2. Un régime probatoire favorable au dénonciateur
Classiquement au civil, la Cour de cassation recherchait si la dénonciation avait été faite « avec légèreté et témérité9 » pour retenir la responsabilité civile du dénonciateur. Ainsi, si la témérité n’était pas un critère de l’infraction au plan pénal, elle permettait de retenir la faute civile au sens de l’article 1240 du Code civil10. Ceci avait pour effet d’engager plus facilement la responsabilité du dénonciateur. Revenant sur cette jurisprudence, l’arrêt du 25 mars 2020 avait précisé que la seule témérité est insuffisante pour engager la responsabilité11. Se rapprochant ainsi des conditions au pénal, on assiste à un durcissement des conditions de la responsabilité. Ce faisant, le juge assure une protection au dénonciateur de bonne foi.

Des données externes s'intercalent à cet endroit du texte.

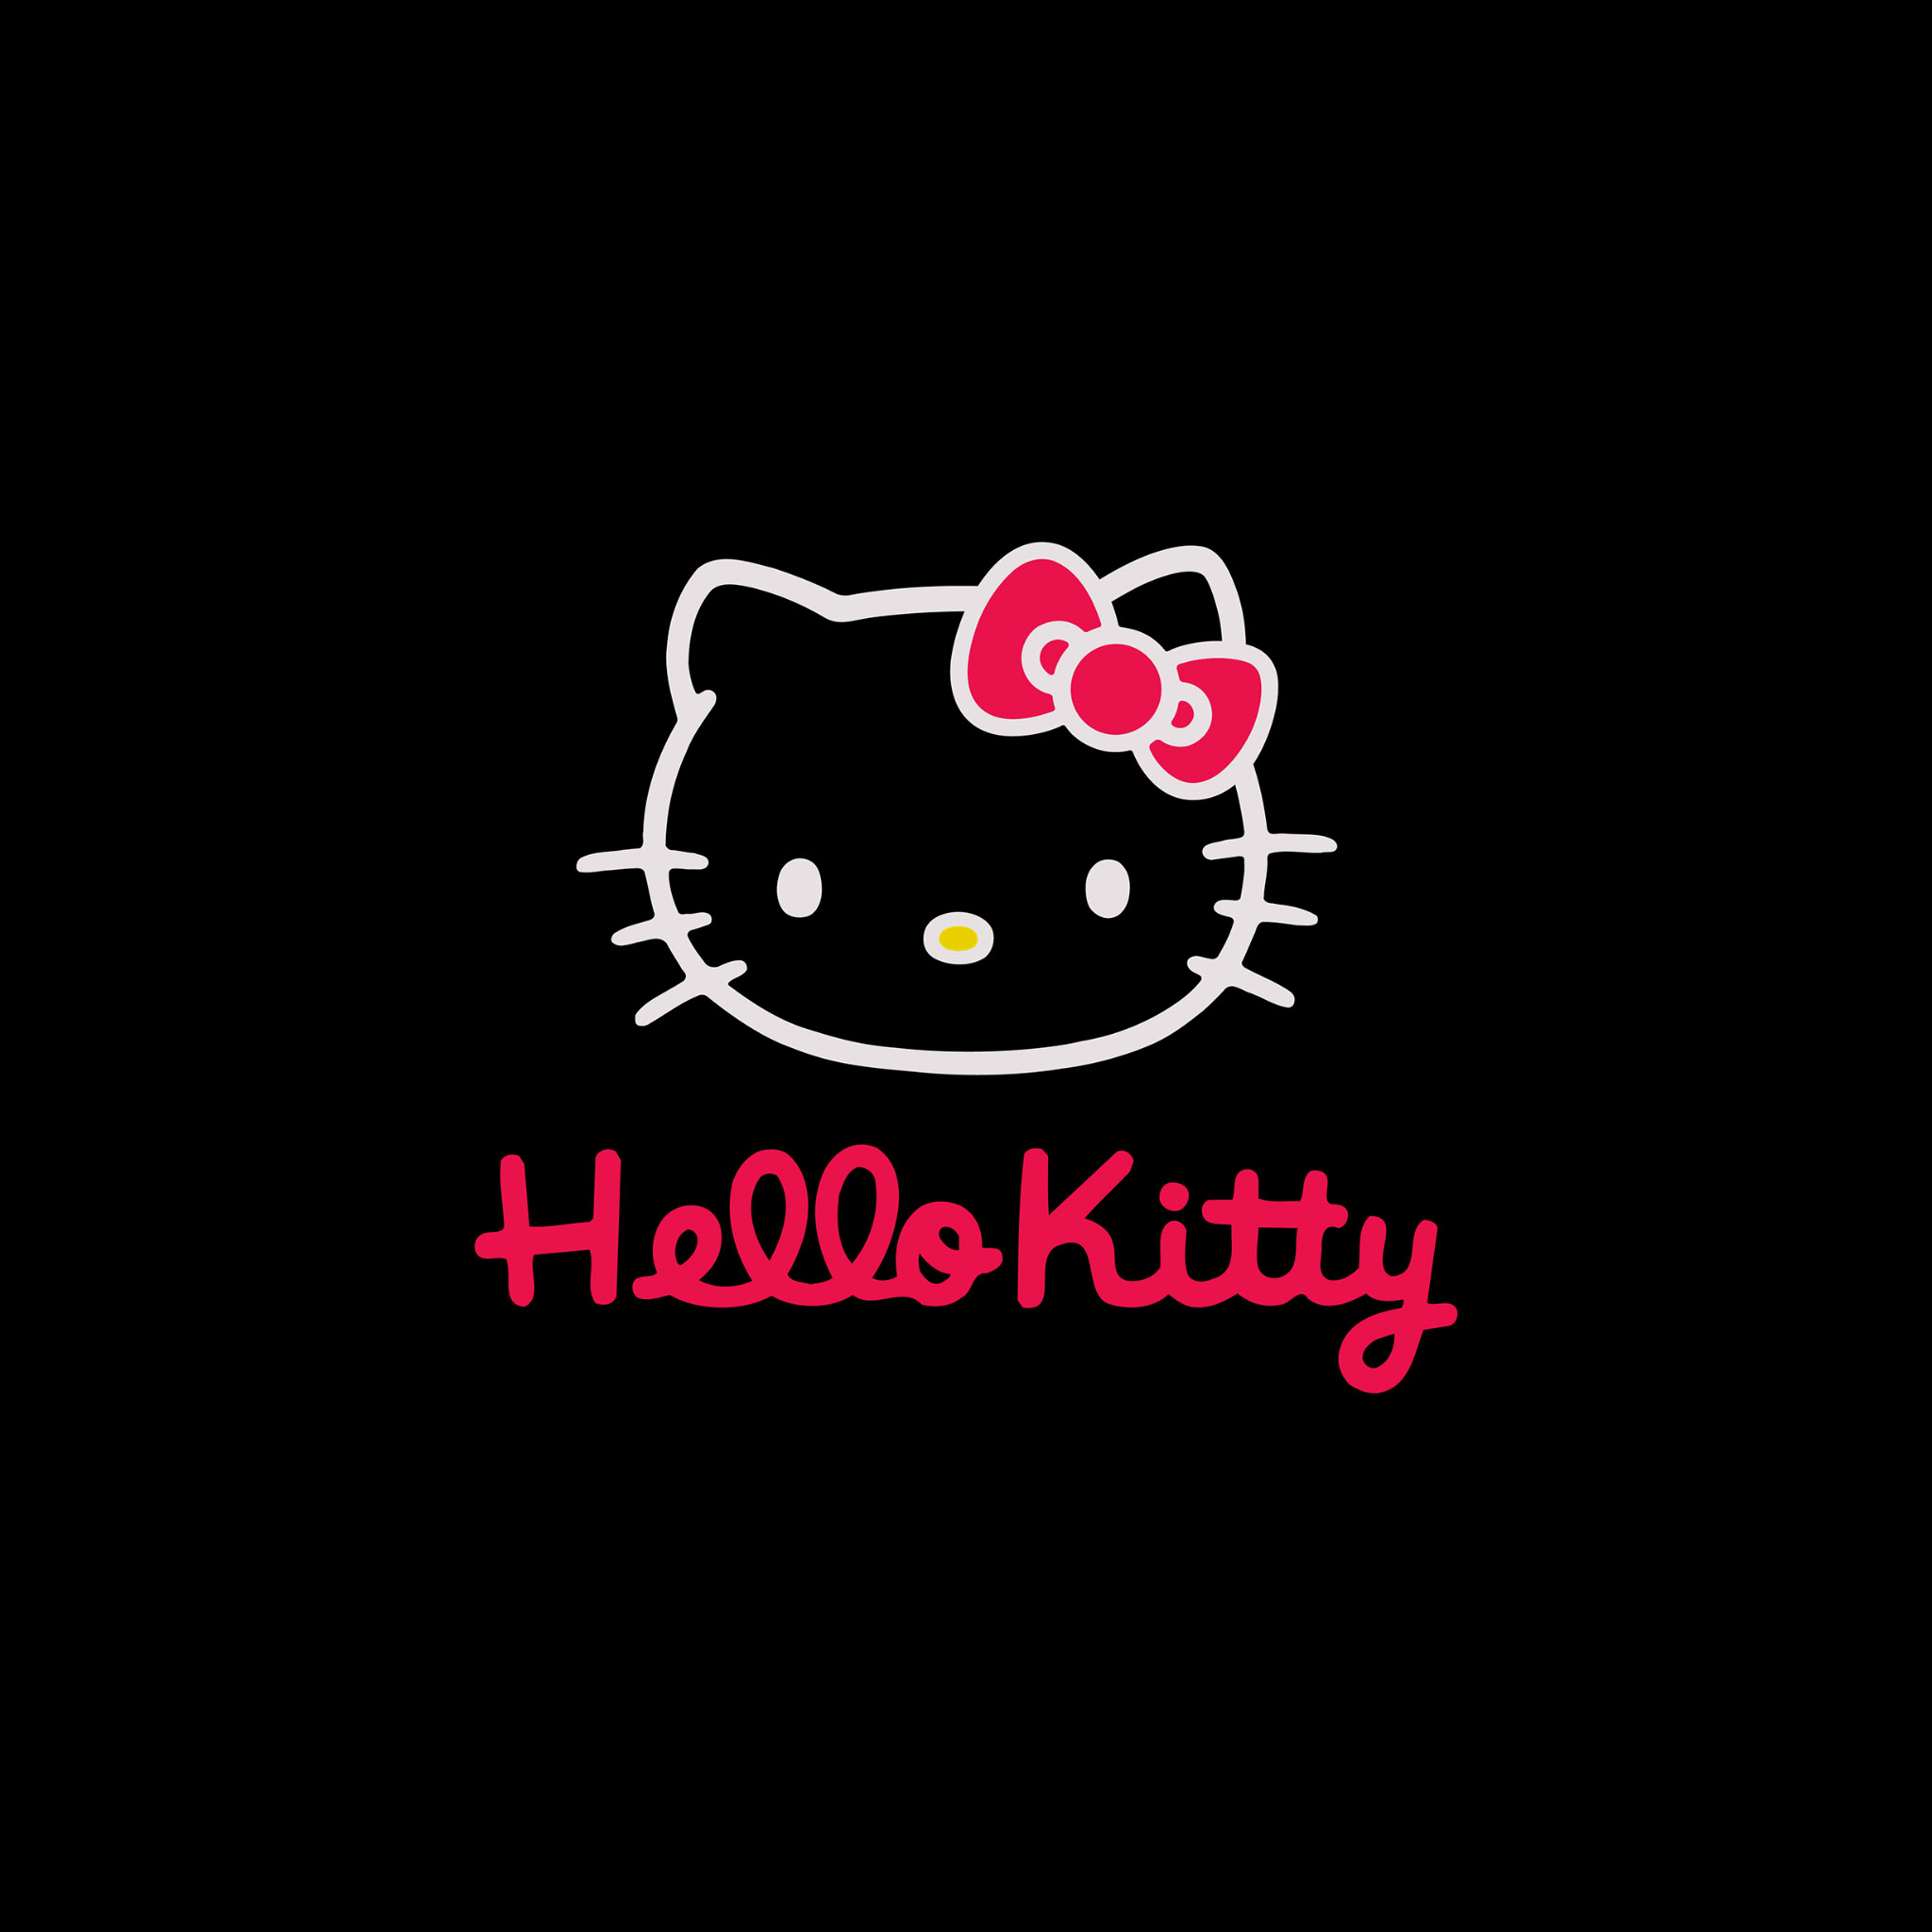 Ios7 Hello Kitty Dark Parallax HD iPhone iPad Wallpaper

En l’espèce, la dénonciatrice ne semblait pas avoir connaissance de la fausseté des faits allégués puisque, comme elle le précise, elle n’a fait que répondre aux interrogations des gendarmes avec l’intention de protéger les enfants. L’élément moral, notamment sa mauvaise foi n’était pas prouvée12 puisque « le contenu exact des propos tenus ou écrits par Mme [N], ni les mêmes les termes dans lesquels le parquet de [Localité 9] a été saisi » n’est pas connu. Cette mauvaise foi ne pourrait pas non plus être déduite « d’une simple absence de contestation du classement sans suite dont les faits dénoncés avaient fait l’objet13 ».
Il n’est donc pas possible à la cour d’appel de contrôler « la pertinence des accusations portées par le dénonciateur14 », d’autant plus dans l’hypothèse d’un classement sans suite où aucune décision définitive n’est intervenue. La défaillance dans l’administration de la preuve profite donc à la dénonciatrice en l’espèce et sa responsabilité ne pourrait être engagée. Il en ressort la difficulté que peut rencontrer le dénoncé dans l’administration de la preuve de la connaissance de la fausseté.
En définitive, la décision de la cour d’appel opère un alignement entre la faute civile et pénale en matière de dénonciation calomnieuse. Une telle position est favorable à la protection de l’enfance puisqu’elle encourage à l’occasion les dénonciateurs en cette matière.